Le premier pèlerinage assomptionniste : La Salette, été 1872

Le Père Picard, dès sa décision prise en accord avec le Père d’Alzon 195 , déclenche une vaste campagne d’information, dans la presse, auprès des religieux, des membres de Notre-Dame de Salut…et se lance dans l’organisation du périple : trains, voitures et montures pour gravir la montagne de La Salette. Il est fortement secondé par le Père Vincent de Paul Bailly, qui sera le grand personnage des Pèlerinages de Pénitence en Terre Sainte.

Le 21 août 1872 « la montagne sacrée » reçoit 375 prêtres qui encadrent près de deux mille pèlerins venus de la France entière. Il faut noter, et cela est l’une des raisons de la poursuite des pèlerinages, les nombreuses altercations, aussi bien à Grenoble qu’à Vizille, avec des anticléricaux, convaincus que l’avènement d’un régime républicain aurait fait disparaître ces « parades catholiques ». Adolphe Thiers tente plus tard de calmer le camp laïc en affirmant que « les pèlerinages ne sont plus dans nos mœurs » 196 , mais il se trompe lourdement. Le Père Picard ne s’est pas contenté d’être un organisateur mais il est également un exalteur de foi que les pèlerins suivront en entonnant le cantique : Pitié mon Dieu, c’est notre patrie. C’est également la création d’un opuscule Pieux conseils aux pèlerins avec toute une série de recommandations aux arpenteurs de la montagne : « Au départ se confesser et communier. Se recommander à Marie, aux saints anges, à Sainte Philomène (…) Pendant le pèlerinage, à l’exemple des premiers fidèles, union des cœurs dans une même prière. Penser habituellement au double but du pèlerinage : la délivrance du souverain pontife et le salut de la France » 197 .

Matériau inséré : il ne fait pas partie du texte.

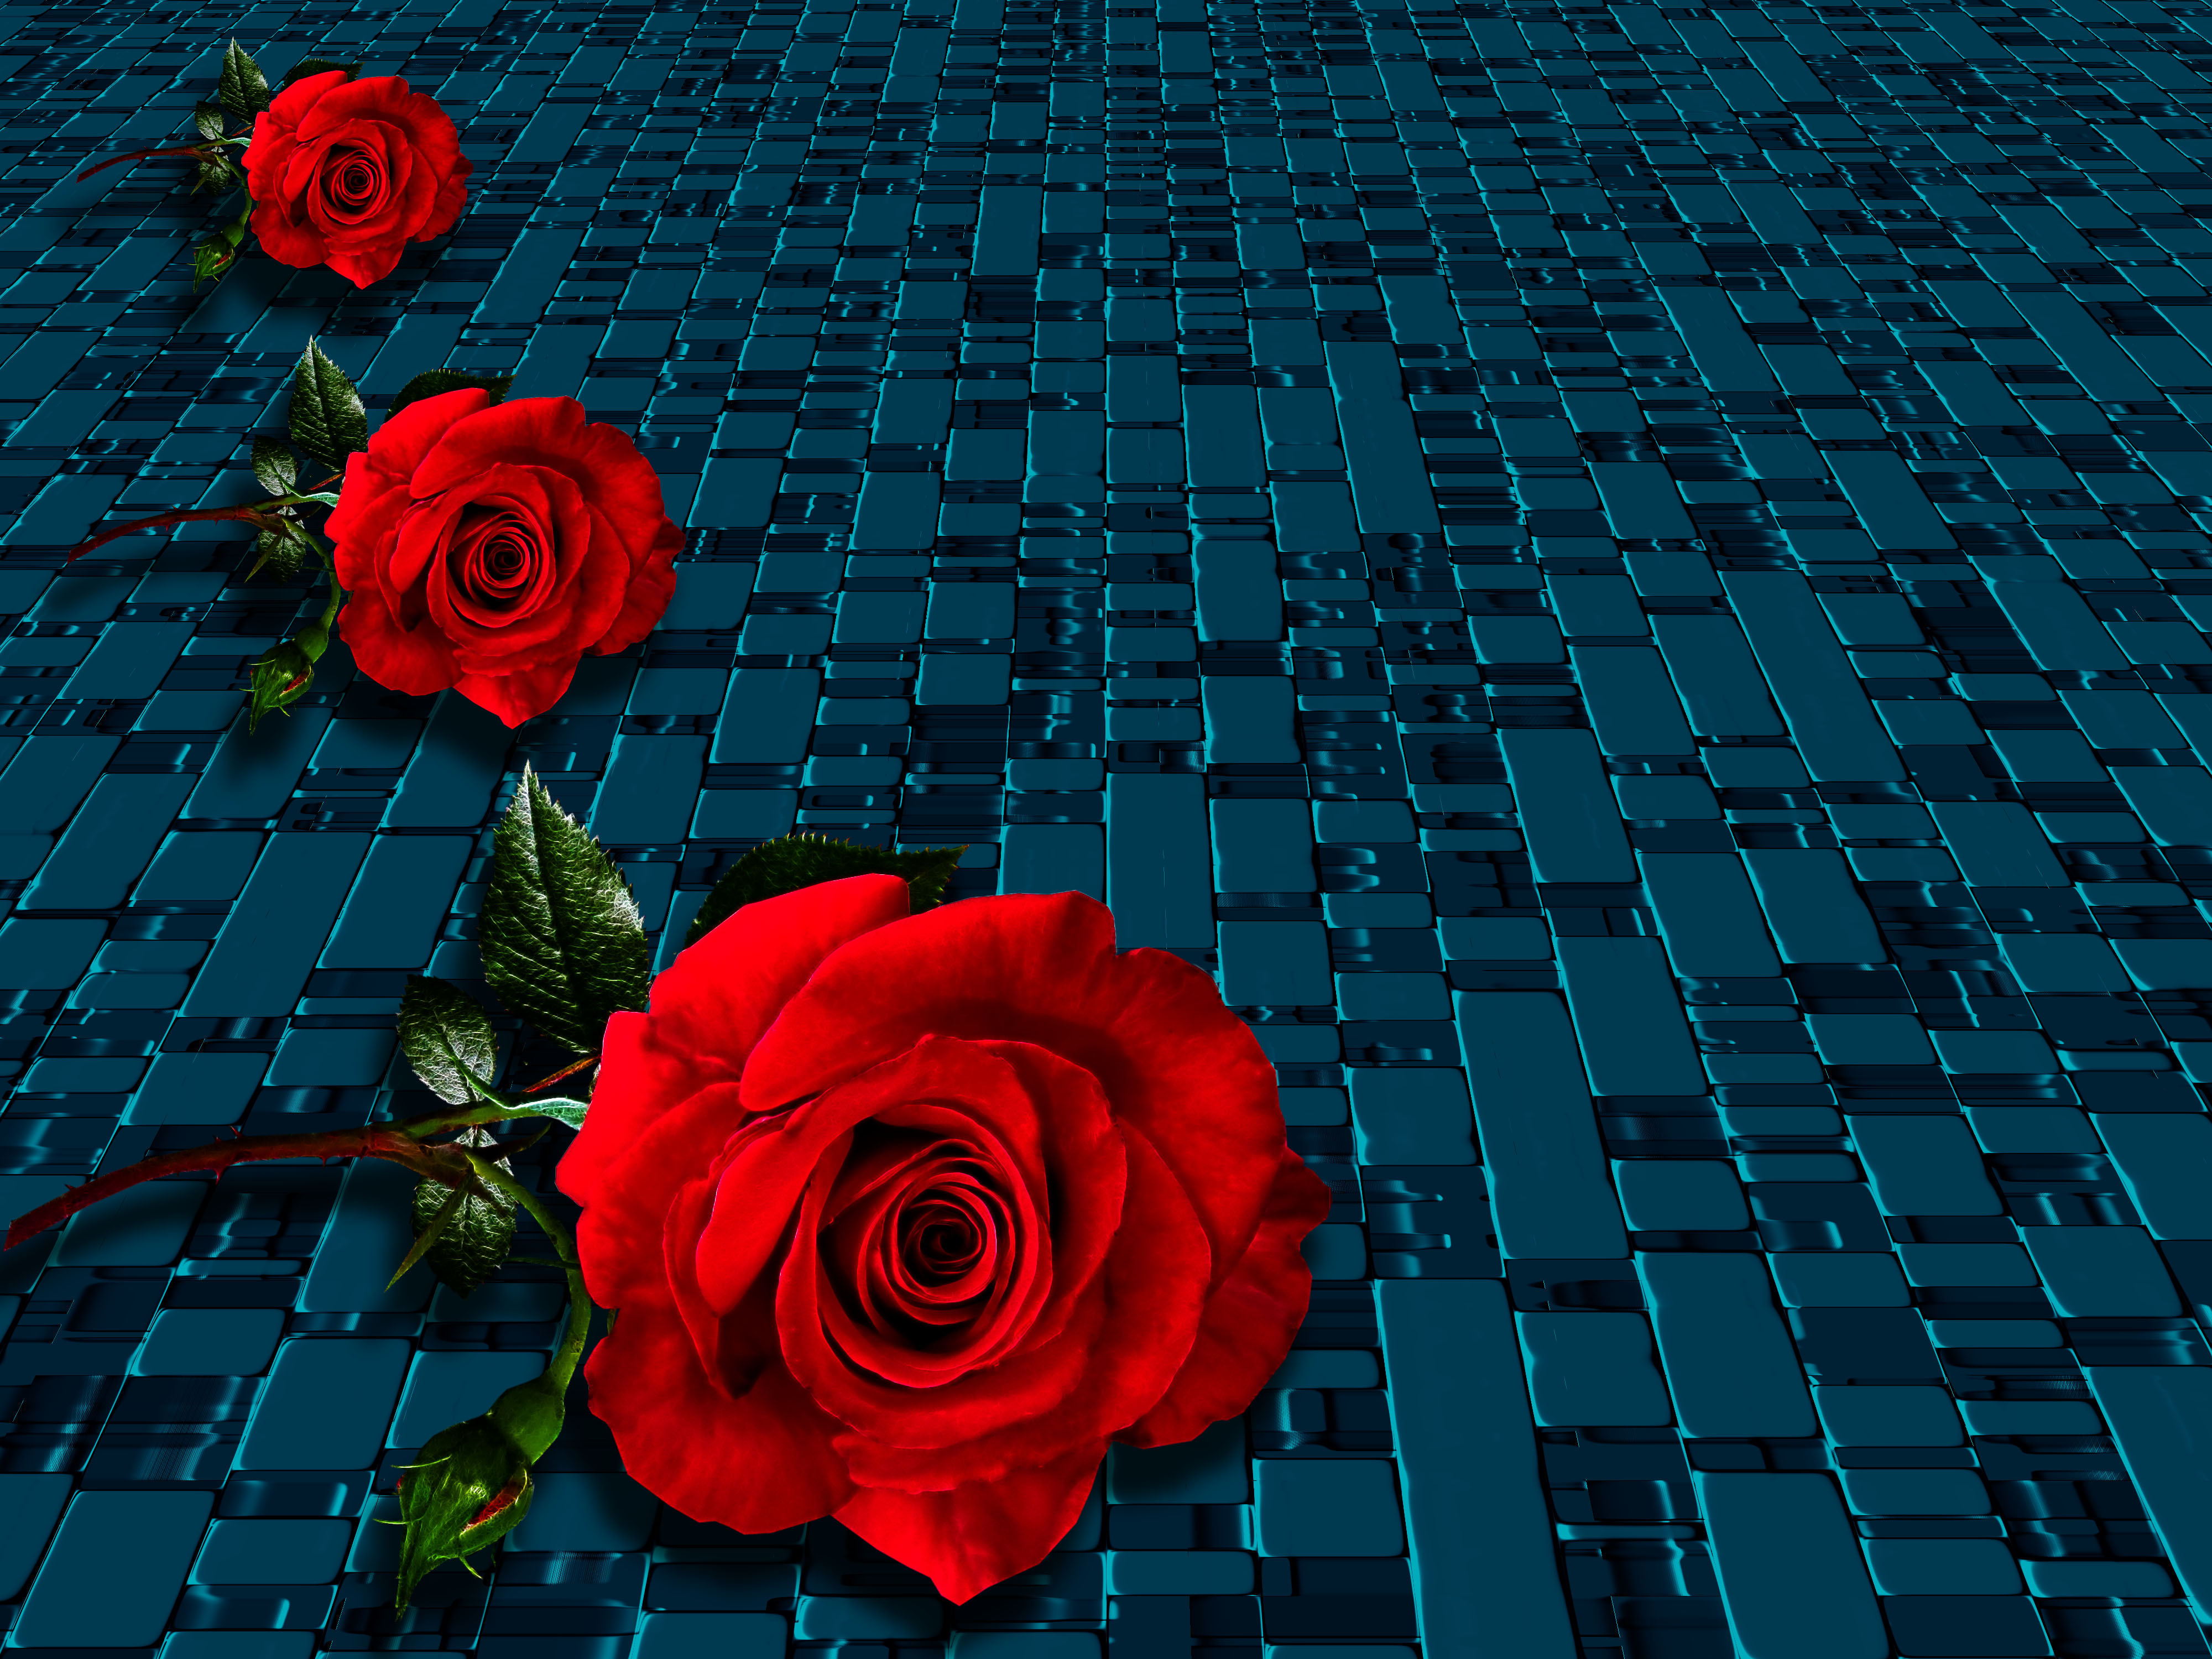 Red roses by Susanlu4esm
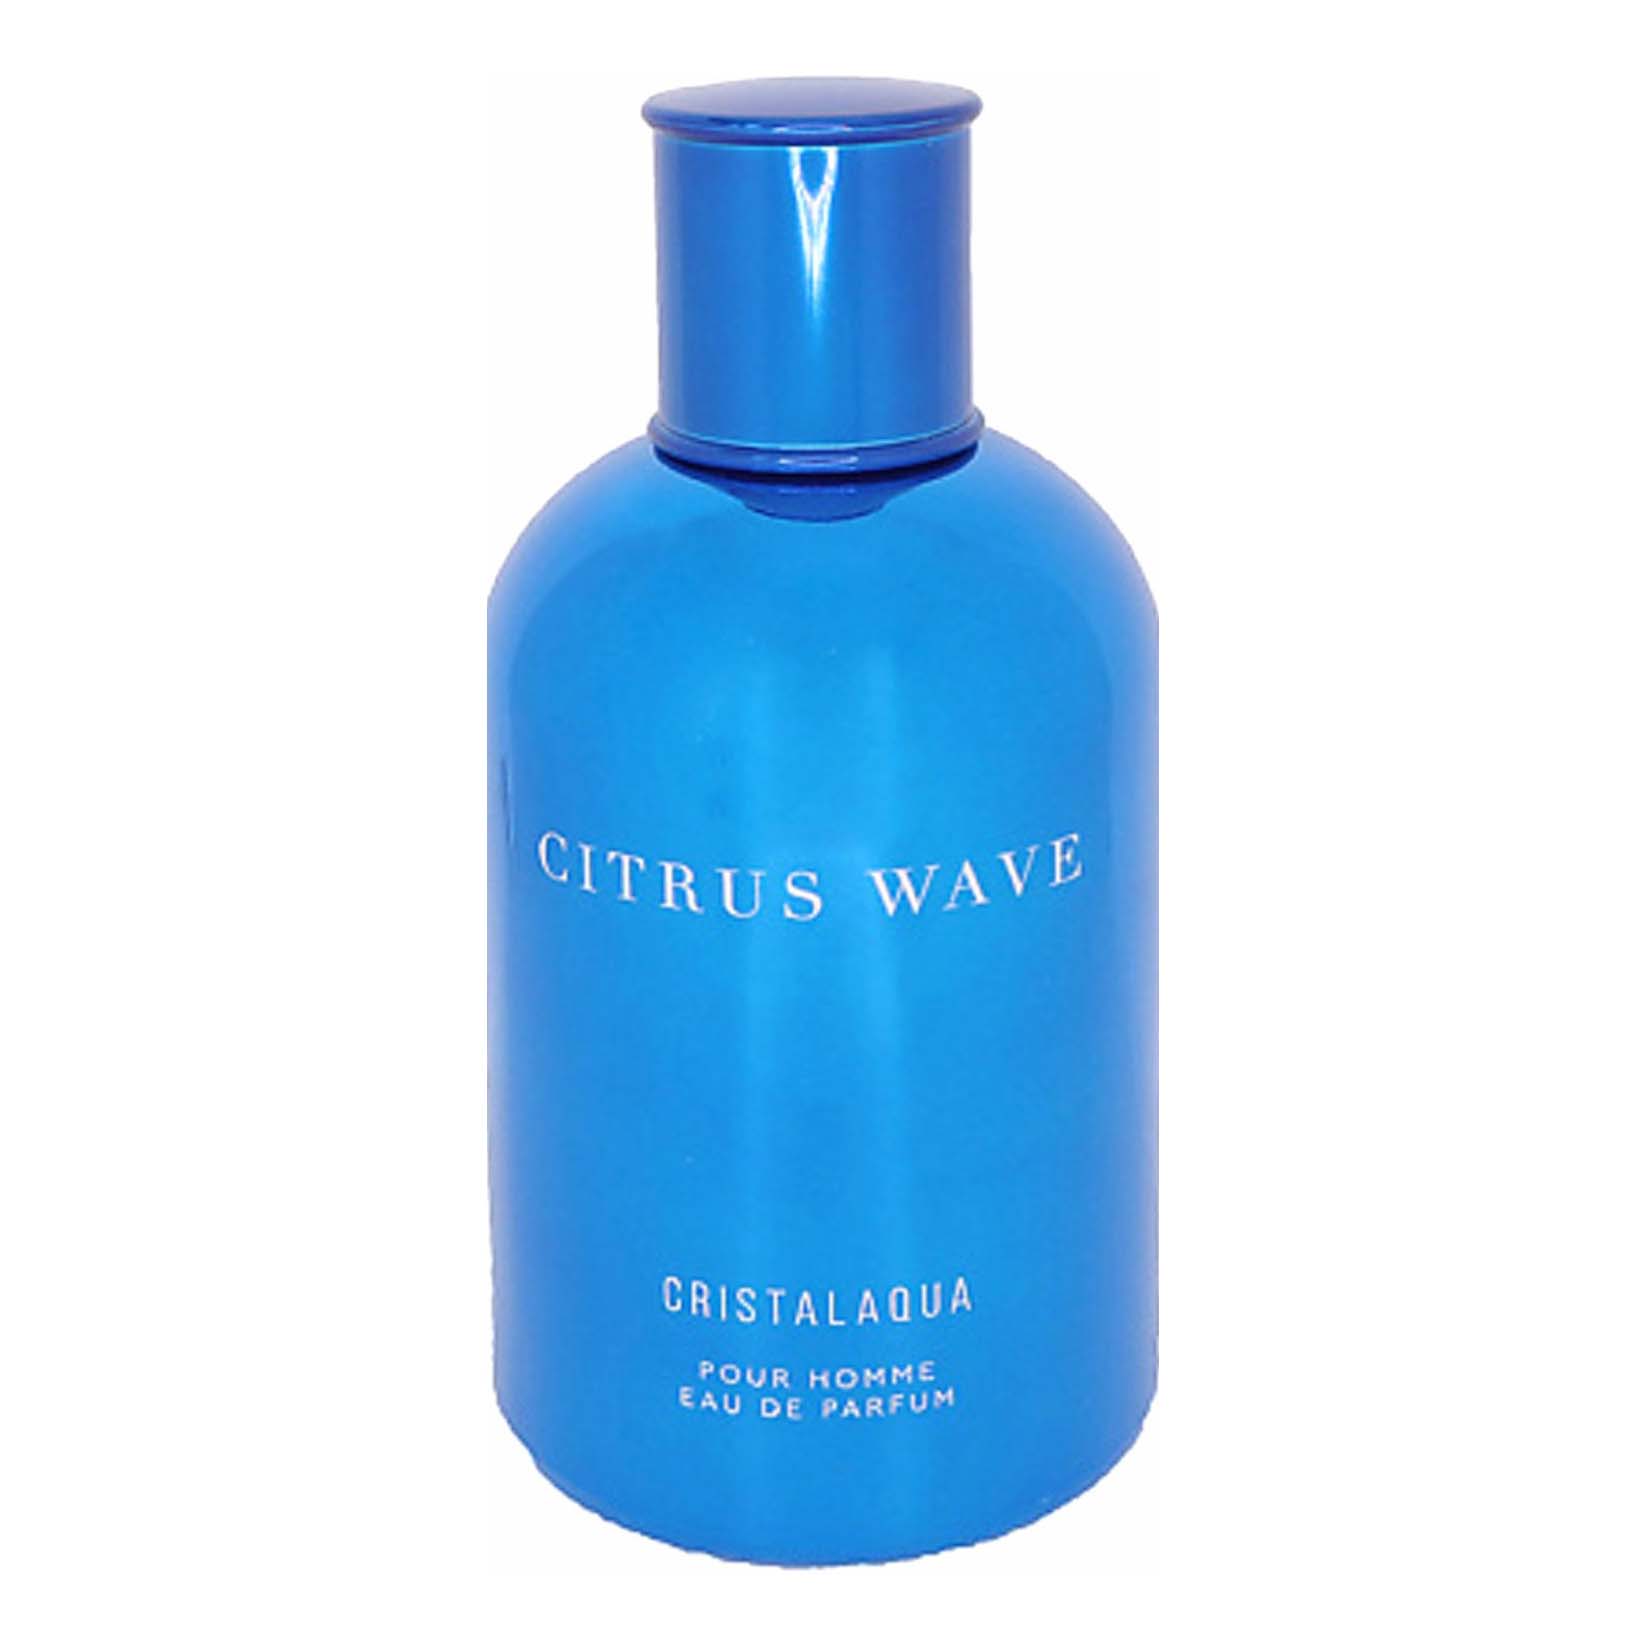 Парфюмерная вода Cristalaqua Citrus wave мужская 100 мл мужская жизнь

Lors de tous les pèlerinages assomptionnistes, le souci de l’organisation matérielle et spirituelle est présent, avec la volonté d’encadrer et d’unir tous les pèlerins autour des thèmes de la patrie en danger, de la France qui doit retrouver le chemin de Dieu, et du soutien au « pape prisonnier ».

Le point décisif, pour l’avenir, en ce mois d’août 1872, est la création à La Salette, du Conseil Général des pèlerinages sous la présidence de Mgr Paulinier, évêque de Grenoble, et du Père Picard. Son but est de diriger, soutenir et amplifier un mouvement qui enverrait des pèlerins non seulement à La Salette, à Lourdes, à Paray-le-Monial et autres sanctuaires de France, mais aussi à Rome et à Jérusalem. Les membres du bureau du Conseil Général des pèlerinages sont présents tout au long de l’aventure des pèlerinages assomptionnistes : « Père Picard, directeur, M. le Vicomte de Damas, président, M. Bournisien, vice-président, le Père Germer-Durand, secrétaire, M. le Duc de Chaulnes, trésorier. » 198 Debidour voit ce Conseil Général des pèlerinages comme un nouvel organe de soutien au pape conservateur : « Le conseil des pèlerinages qui, après être allé prendre à Rome le mot d’ordre du Pape, se donna pour tâche d’organiser et de diriger chaque année en France les pèlerinages nationaux, c'est-à-dire de bruyantes manifestations populaires en l’honneur du pape-roi et de la politique du syllabus » 199 .

Le Conseil Général des pèlerinages vient confirmer tout ce que l’on attendait de lui. 1873, « la divine année », apparaît, avec le recul, comme le point de départ de l’engouement pèlerin. Ils sont ainsi cette année là plus de 1000 à La Salette, 492 à Lourdes 200 pour le premier pèlerinage national, et près de 300 à Rome au mois de mai. A cela, il faut ajouter la multitude des pèlerinages diocésains qui inaugurent religieusement l’entrée de la France dans la période dite de l’Ordre moral.

A cette date, il n’est encore pas question de pèlerinage en Terre Sainte, mais le succès et la foi aidant, de nombreux religieux commencent à entrevoir une possibilité de franchir les obstacles marins pour atteindre l’espace sacral et entreprendre « le roi des pèlerinages ».

Notes
195.

Le soutien du Père d’Alzon est sans équivoque : « Allez aux pèlerinages de la Sainte Vierge, faisons-en le plus possible », Ibid, p.187.

196.

Lucien Guissard, op. cit., P.110.

197.

Pages d’archives, op. cit., p.188.

198.

Ibid, p.188.

199.

Debidour, op. cit., p.66.

200.

En 1880, ils sont déjà 4600, et 20 000 en 1890.